MixedPrecisionQuantizationConfig¶
Class to configure the quantization process of the model when quantizing in mixed-precision:
- class model_compression_toolkit.core.MixedPrecisionQuantizationConfig(compute_distance_fn=None, distance_weighting_method=None, num_of_images=32, configuration_overwrite=None, num_interest_points_factor=1.0, use_hessian_based_scores=False, norm_scores=True, refine_mp_solution=True, metric_normalization_threshold=10000000000.0, hessian_batch_size=32, metric_normalization=MpMetricNormalization.NONE, metric_epsilon=1e-06, exp_distance_weighting_sigma=0.1, custom_metric_fn=None)¶
Class with mixed precision parameters to quantize the input model.
- Parameters:
compute_distance_fn (Callable) – Function to compute a distance between two tensors. If None, using pre-defined distance methods based on the layer type for each layer.
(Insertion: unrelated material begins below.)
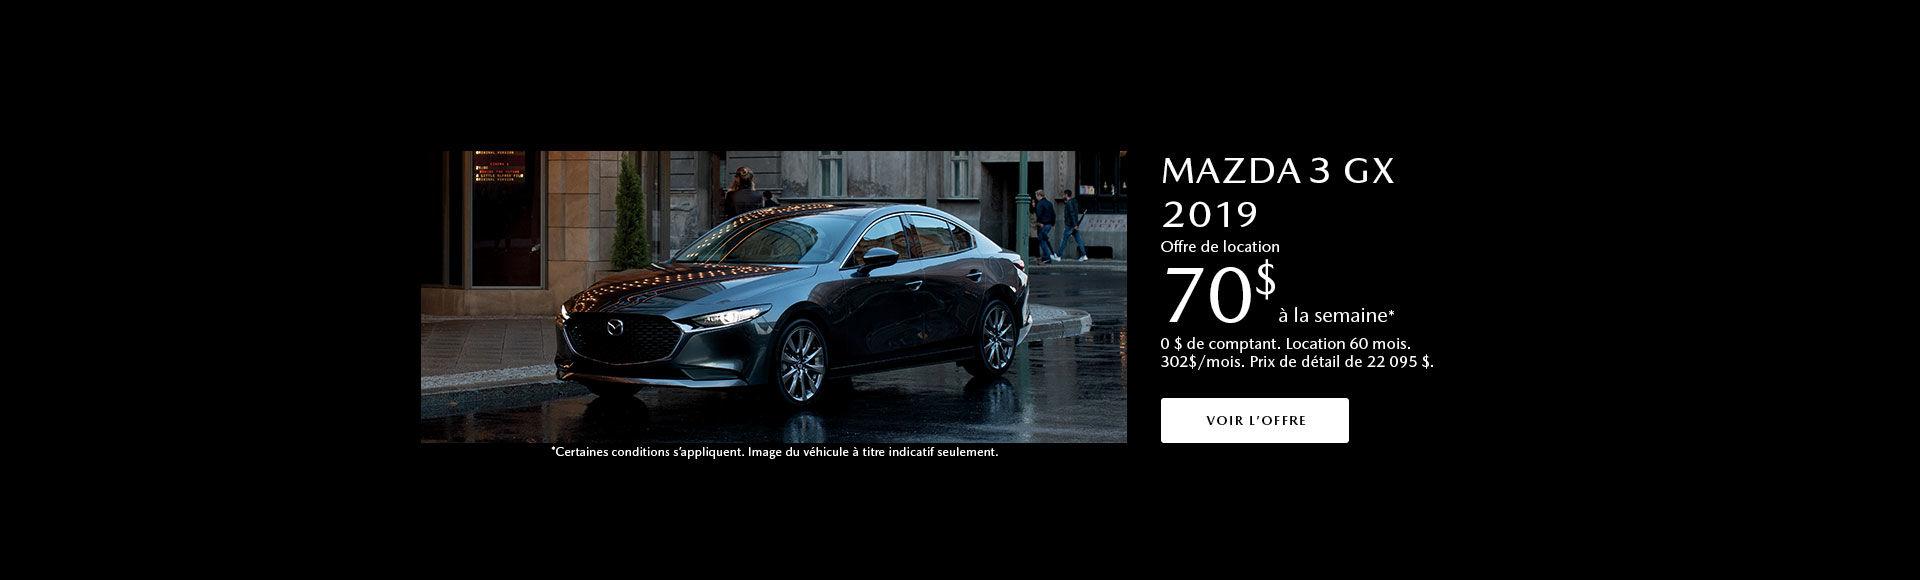 Procurez-vous le Mazda 3 2019!

distance_weighting_method (MpDistanceWeighting) – distance weighting method to use. By default, MpDistanceWeighting.AVG.
num_of_images (int) – Number of images to use to evaluate the sensitivity of a mixed-precision model comparing to the float model.
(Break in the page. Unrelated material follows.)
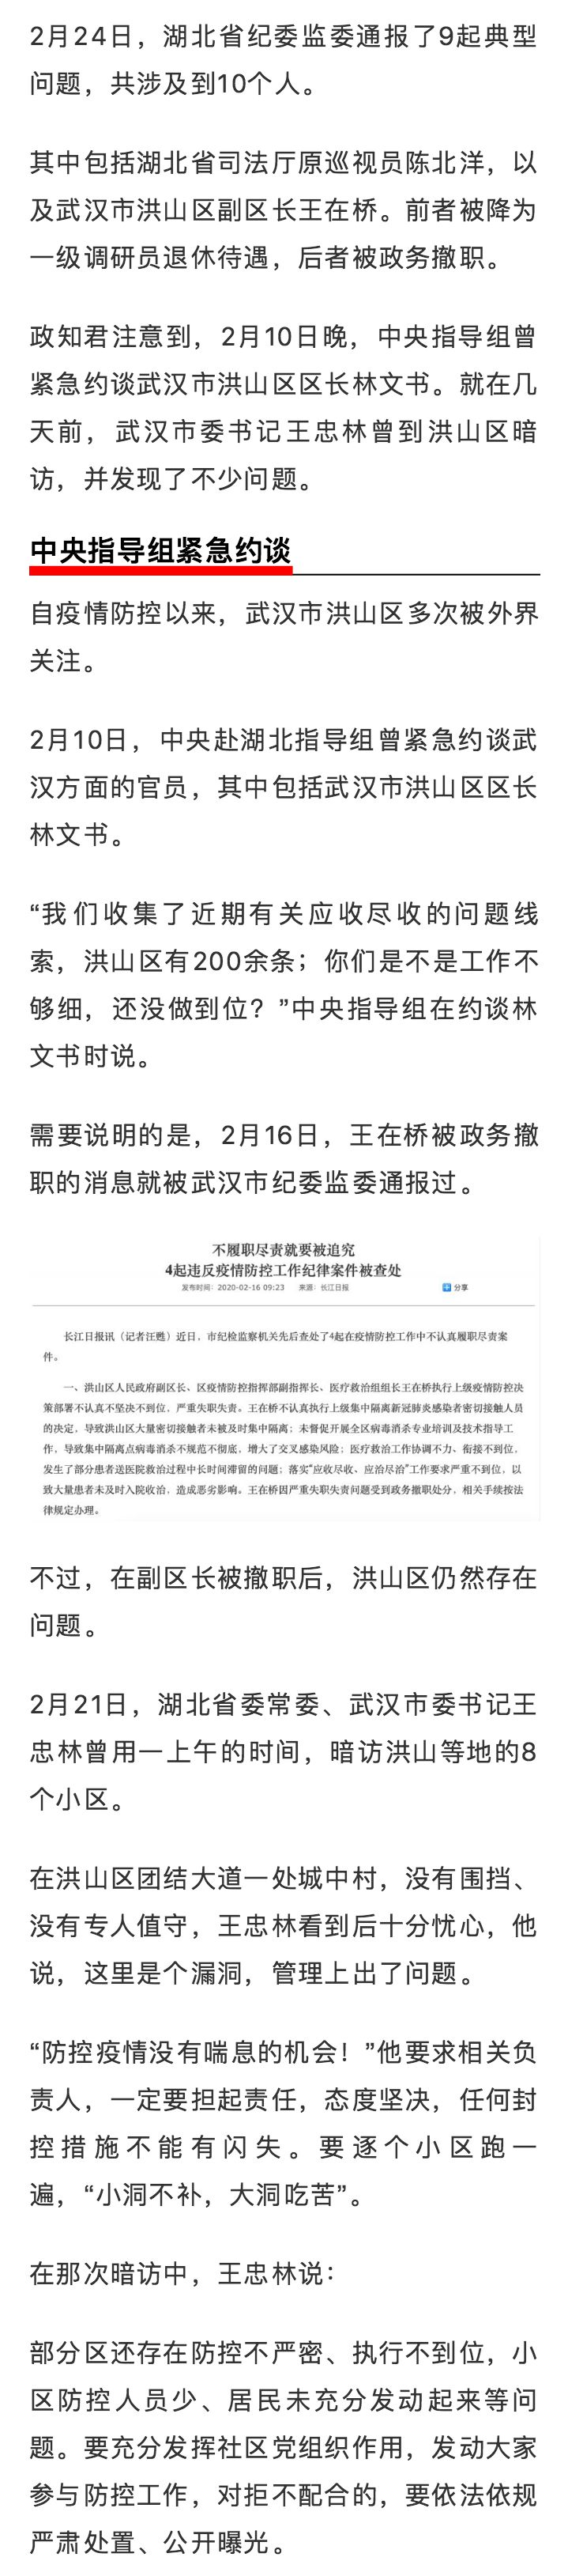 【蓝冠】痛批的陈副厅长还被纪委查出了其他问蓝冠题图片

configuration_overwrite (List[int]) – A list of integers that enables overwrite of mixed precision with a predefined one.
num_interest_points_factor (float) – A multiplication factor between zero and one (represents percentage) to reduce the number of interest points used to calculate the distance metric.
use_hessian_based_scores (bool) – Whether to use Hessian-based scores for weighted average distance metric computation. This is identical to passing distance_weighting_method=MpDistanceWeighting.HESSIAN.
norm_scores (bool) – Whether to normalize the returned scores for the weighted distance metric (to get values between 0 and 1).
refine_mp_solution (bool) – Whether to try to improve the final mixed-precision configuration using a greedy algorithm that searches layers to increase their bit-width, or not.
metric_normalization_threshold (float) – A threshold for checking the mixed precision distance metric values, In case of values larger than this threshold, the metric will be scaled to prevent numerical issues.
hessian_batch_size (int) – The Hessian computation batch size. used only if using mixed precision with Hessian-based objective.
metric_normalization (MpMetricNormalization) – Metric normalization method.
metric_epsilon (float | None) – ensure minimal distance between the metric for any non-max-bidwidth candidate and a max-bitwidth candidate, i.e. metric(non-max-bitwidth) >= metric(max-bitwidth) + epsilon. If none, the computed metrics are used as is.
exp_distance_weighting_sigma (float) – sigma for exponential weighting method. A distance for each interest point is normalized by sigma prior to applying exponent.
custom_metric_fn (Callable) – Function to compute a custom metric. As input gets the model_mp and returns a float value for metric. If None, uses interest point metric.
MpDistanceWeighting¶
- class model_compression_toolkit.core.MpDistanceWeighting(value)¶
Defines interest points distances weighting methods.
AVG - take the average distance over all interest points.
LAST_LAYER - take only the distance of the last interest point.
EXP - weighted average with weights based on exponent of negative distances between activations of the quantized and the float models.
HESSIAN - weighted average with Hessians as weights.
MpMetricNormalization¶
- class model_compression_toolkit.core.MpMetricNormalization(value)¶
MAXBIT: normalize sensitivity metrics of layer candidates by max-bitwidth candidate (of that layer).
MINBIT: normalize sensitivity metrics of layer candidates by min-bitwidth candidate (of that layer).
NONE: no normalization.